## WORK INSTRUCTIONS
Pictures stay out of the output. Return exactly the lines below from the one with "biolever+mood+probiotics+-+woman+read+book+sleep+emotion" down to the one with "little black dress", both included, and nothing more.

## DATA EXTRACTS
....
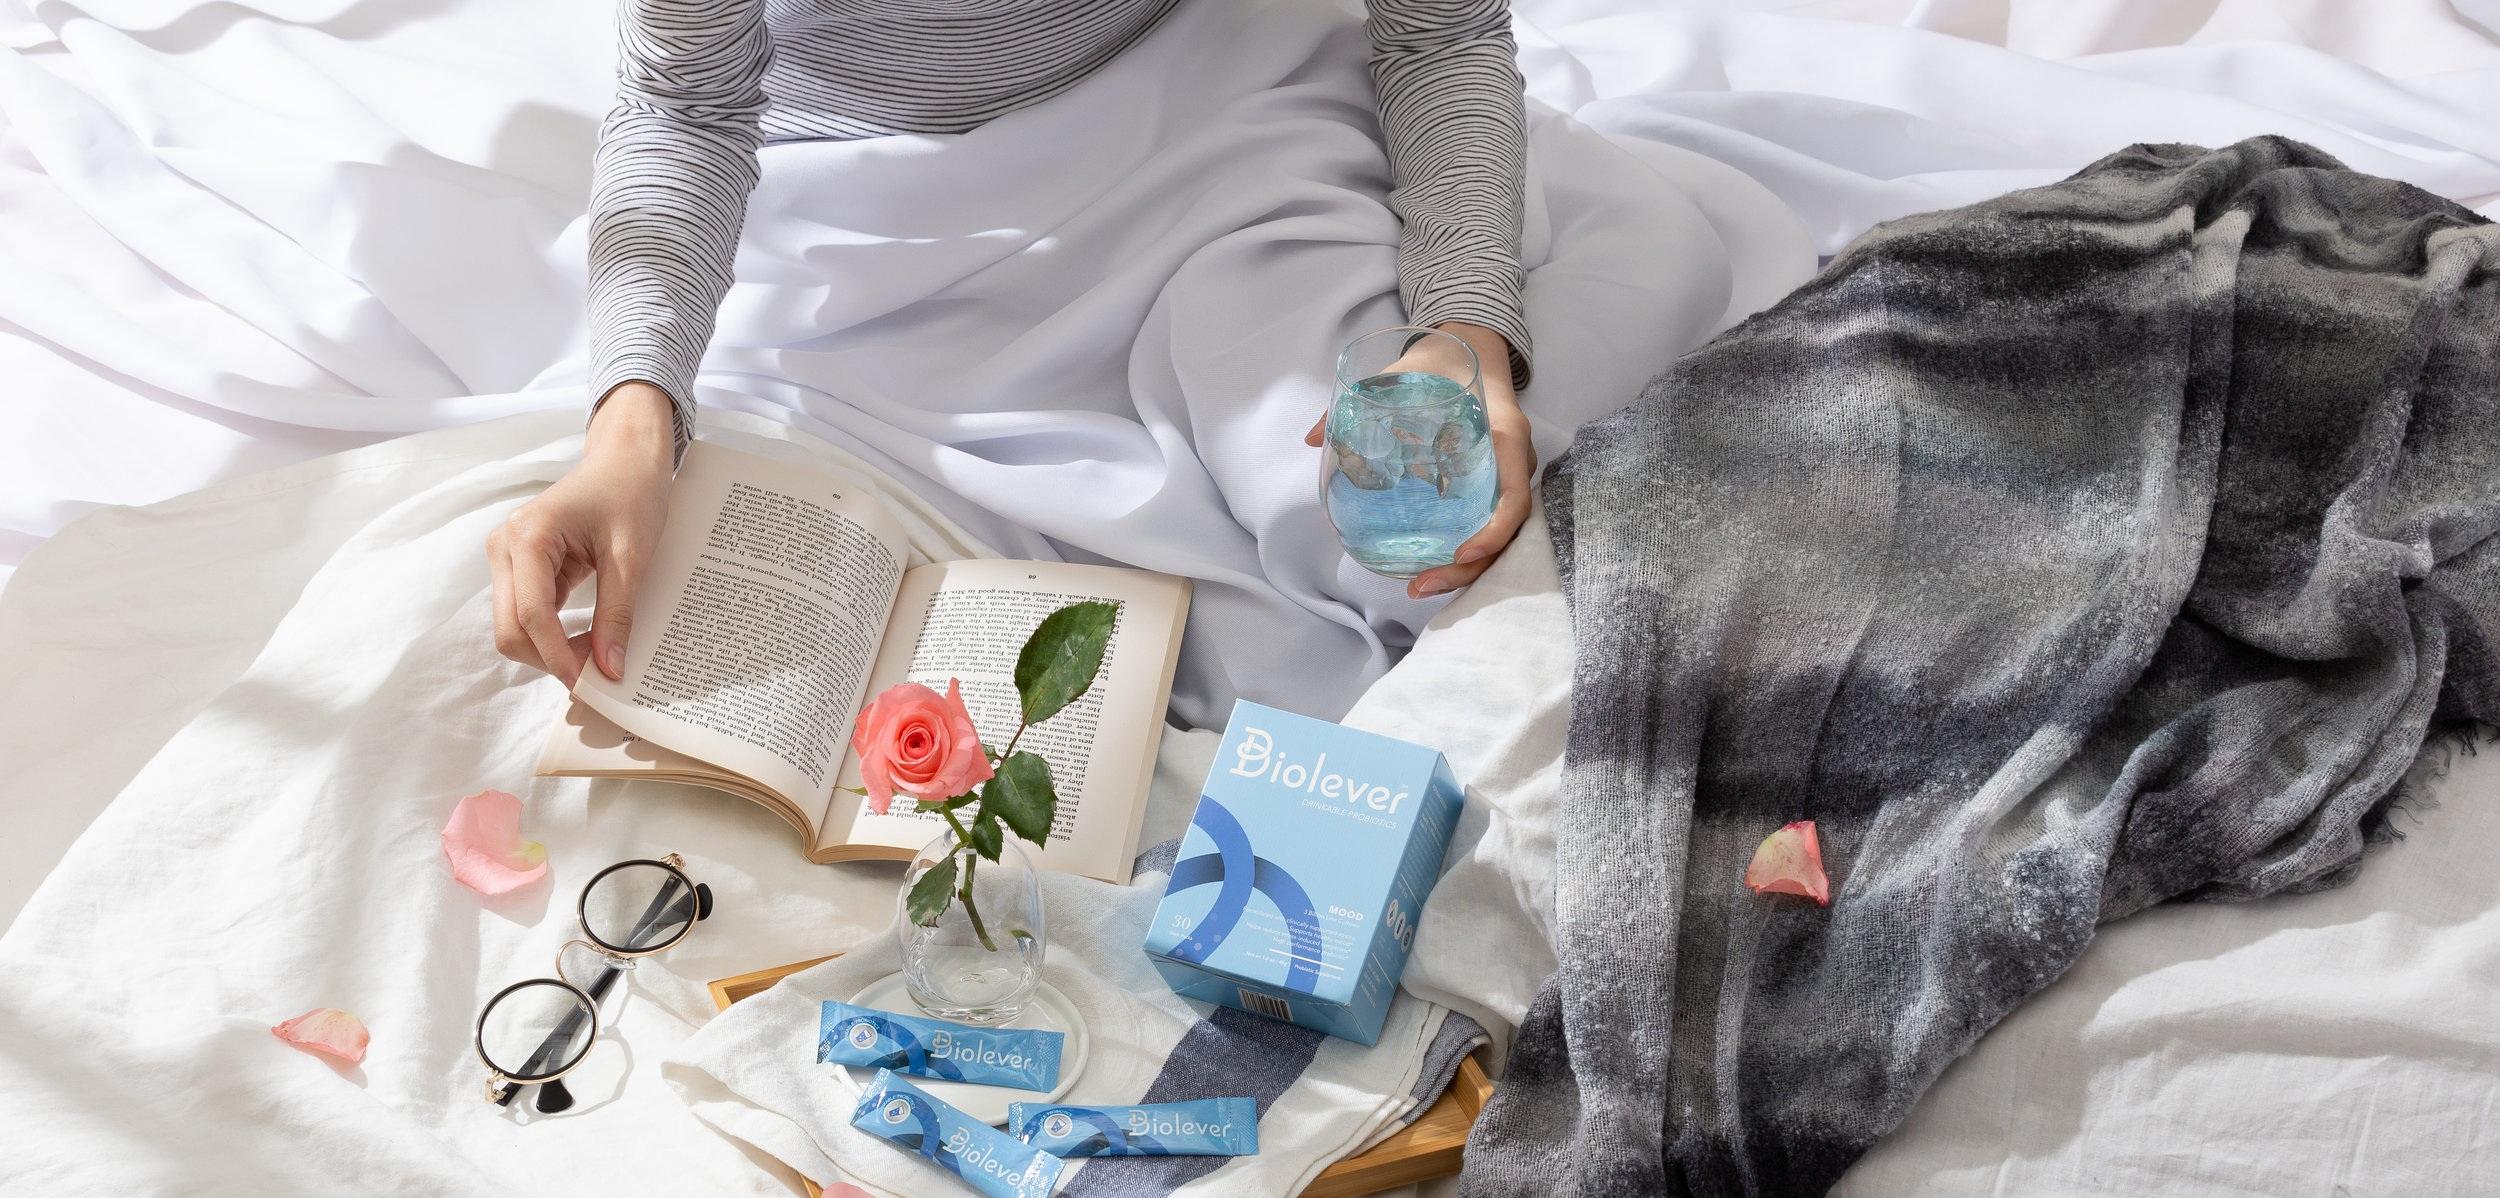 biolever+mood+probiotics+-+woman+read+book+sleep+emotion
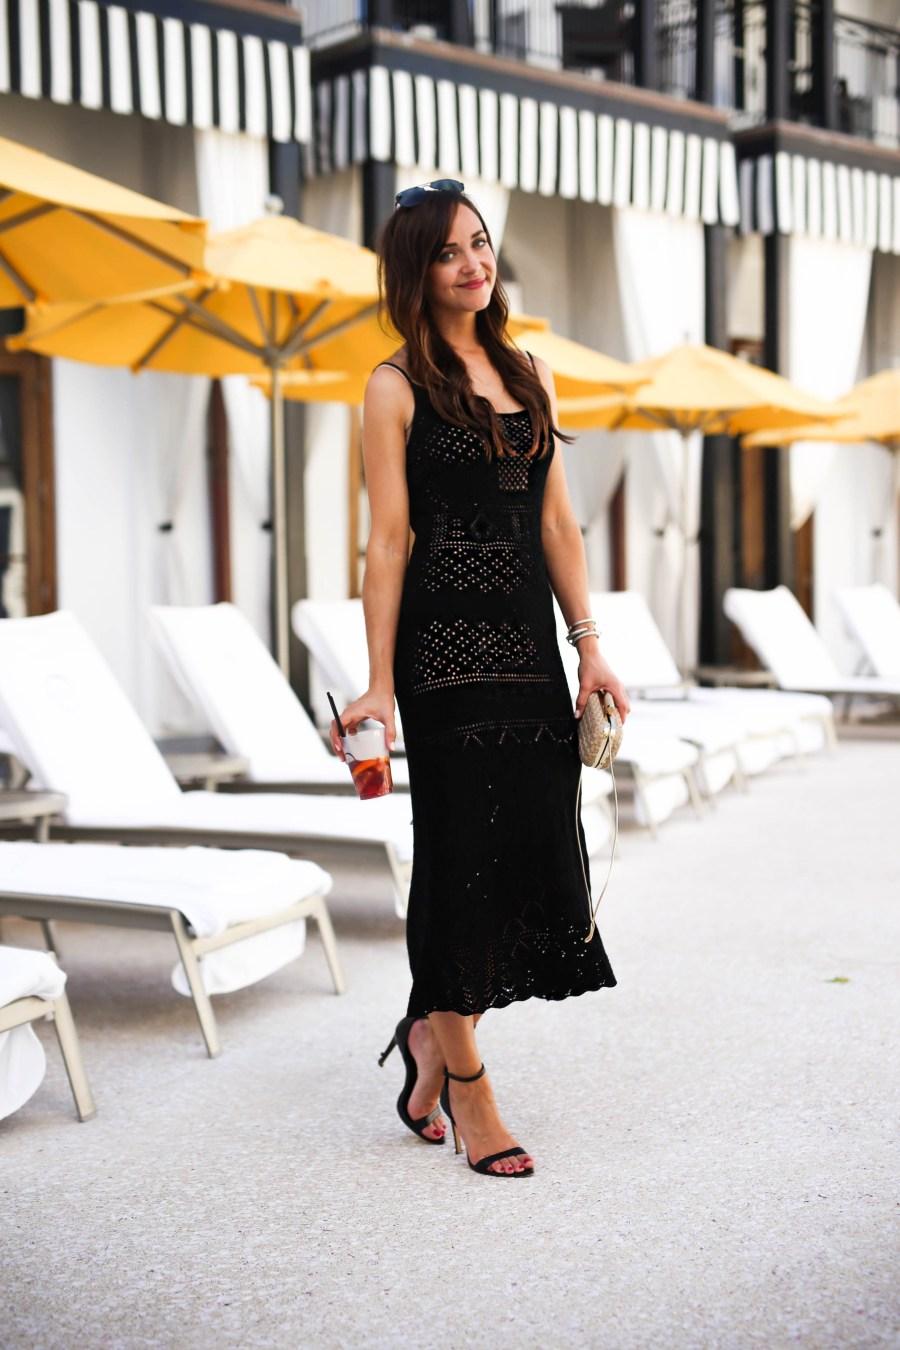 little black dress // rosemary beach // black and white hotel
....
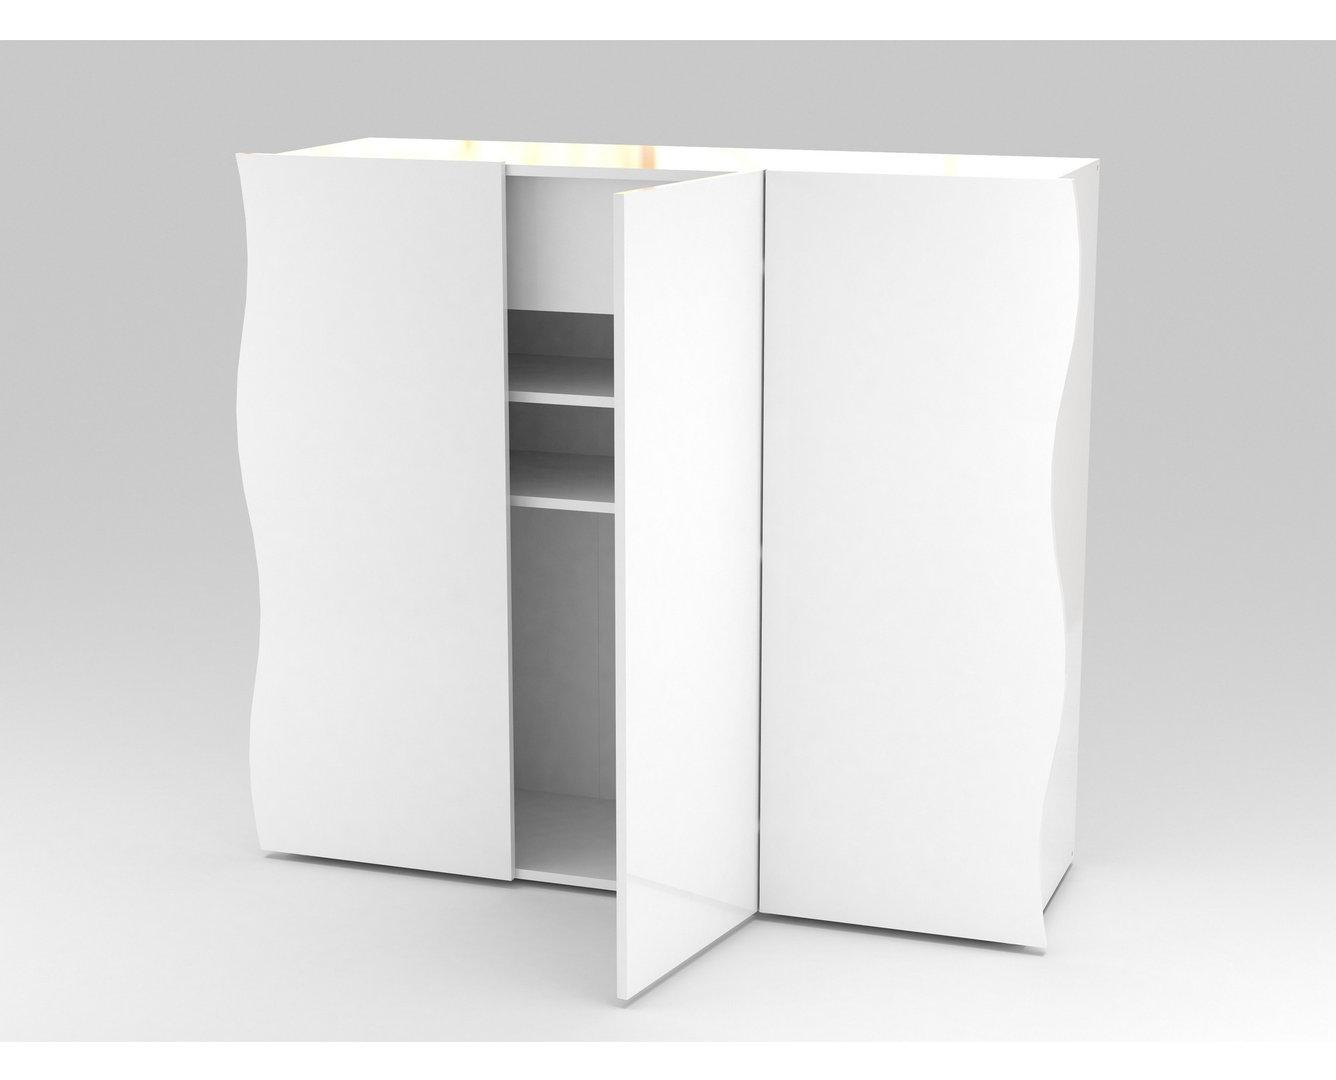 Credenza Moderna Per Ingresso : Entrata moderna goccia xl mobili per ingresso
....
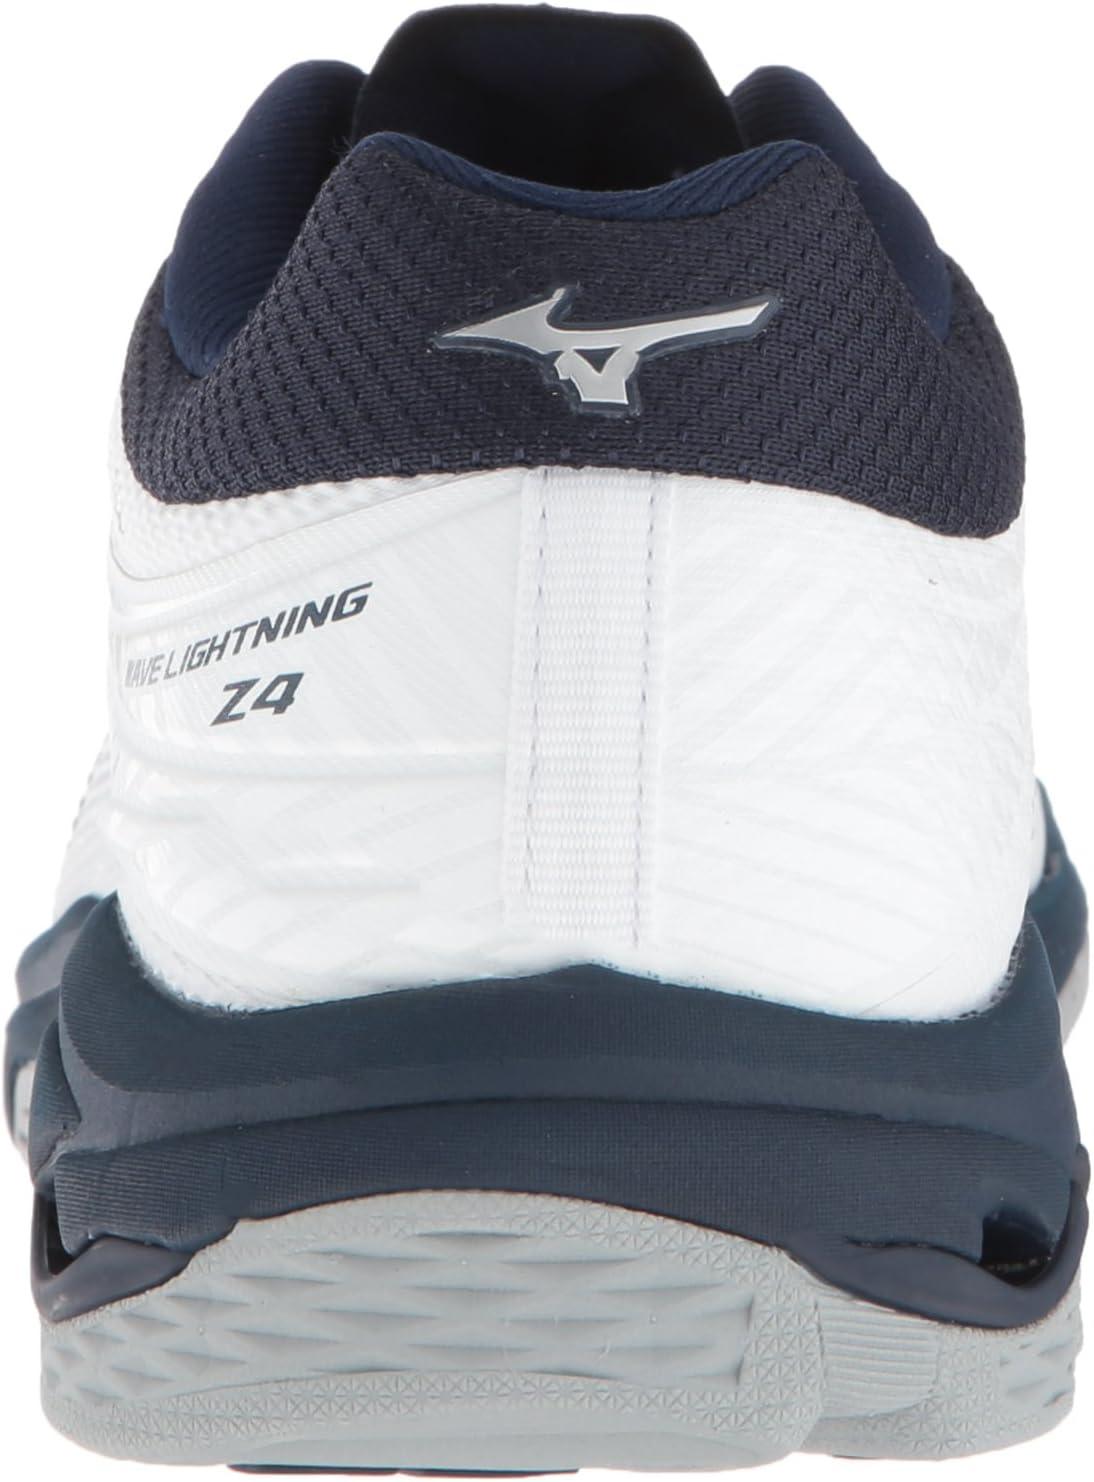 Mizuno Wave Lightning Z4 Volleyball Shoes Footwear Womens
....
## EXERCISE SOLUTION
 biolever+mood+probiotics+-+woman+read+book+sleep+emotion
 little black dress // rosemary beach // black and white hotel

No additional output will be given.